Claim Verification: Tasks involve retrieving and analyzing data to determine the truthfulness of claims, enhancing the evaluation of fact-checking capabilities beyond simple information extraction.
Question Answering: These tasks require precise answers derived from structured data, demanding more complex reasoning than typical text-based QA systems.
Figure 2: Overview of each DramaBench task. Given a user query, the agent is tasked with collecting, structuring, and analyzing data from open domains to generate an answer.

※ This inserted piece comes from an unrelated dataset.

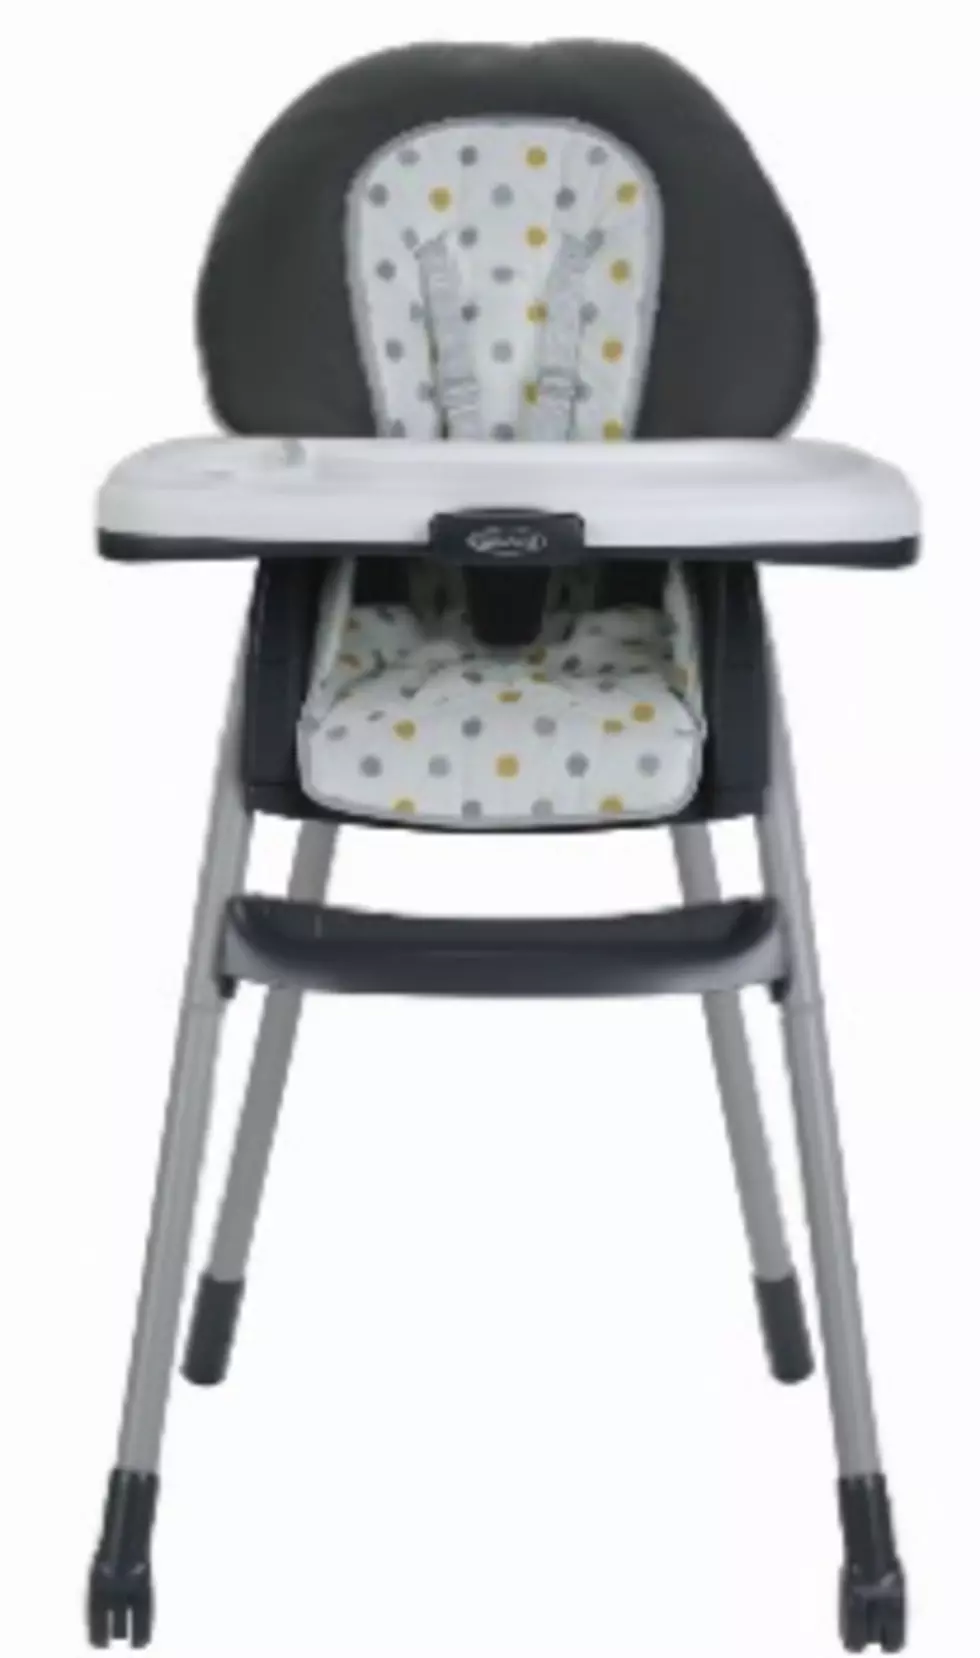 Graco Recalls Highchair Sold At Walmart in the US and Canada
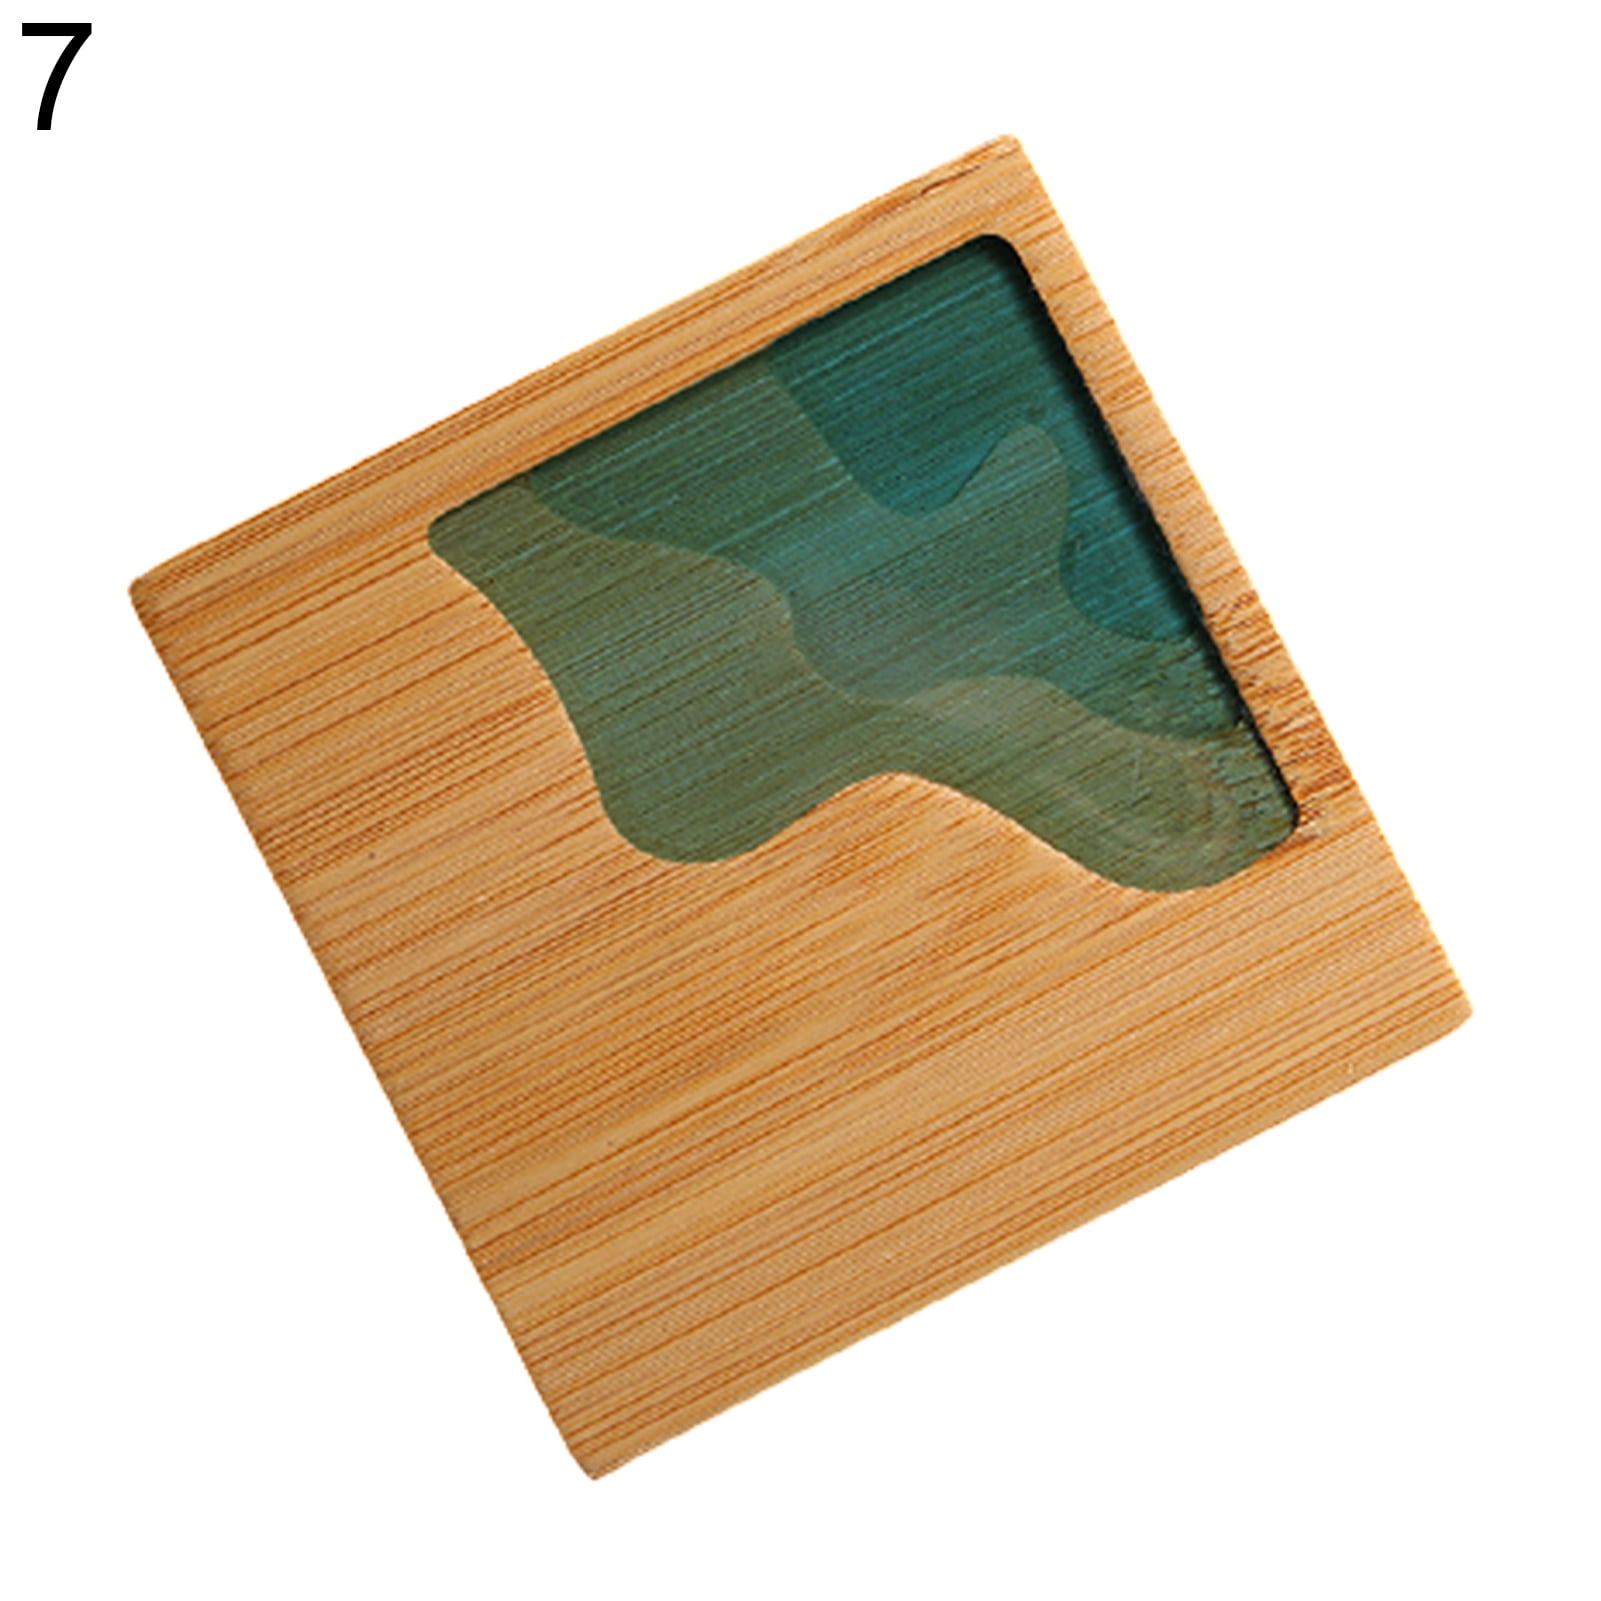 Aveco Creative Epoxy Transparent Gradient Blue Bamboo Round Tea Resin Wood  Coasters for Tea Ceremony Accessories - China Coaster and Teacup Mat price

DramaBot: Implementation Details

DramaBot operationalizes Drama by coordinating the efforts of various sub-agents:

Web Browser: A sophisticated browsing agent capable of retrieving data by interacting with real-world websites. This component performs actions beyond standard web scraping tactics, including direct file downloads and careful navigation through web content.
Data Transformer: The data transformation process is guided by a dynamic table aggregation function capable of handling diverse data formats and linking them in a structured manner tailored to the user query.
Web Augmenter: Complements the web browser with large-scale data collection capabilities, using tools like the OpenAI search tool to fill gaps left by traditional browsing.
Figure 3: Overview of DramaBot.

Evaluation and Results

DramaBot achieves notable success on DramaBench, achieving 86.5% accuracy at a cost of \$0.05 per task, outperforming all tested baseline agents in both accuracy and API cost efficiency. This showcases DramaBot's effectiveness in dynamically assimilating large datasets and performing precise analytic reasoning:

Accuracy: DramaBot consistently grounds its outputs in data retrieval and structured analysis, demonstrating strong analytical capabilities even in complex question answering tasks.
Data and Code Quality: DramaBot's robust performance in generating data and executing code underscores its comprehensive approach to data science.
Figure 4: The overall accuracy (\%) of different agents across time. Each labeled time point marks the start of a three-month period.

Conclusion

The introduction of Drama as an end-to-end paradigm in data science addresses significant deficiencies in existing methodologies, primarily around integrating open-domain data retrieval with structured analytic reasoning. DramaBot's successful deployment on DramaBench illustrates the paradigm's effectiveness, highlighting its potential for real-world applications where dynamic data collection and complex analysis are essential. The paper's contributions pave the way for future developments in AI systems capable of performing comprehensive data-driven queries autonomously.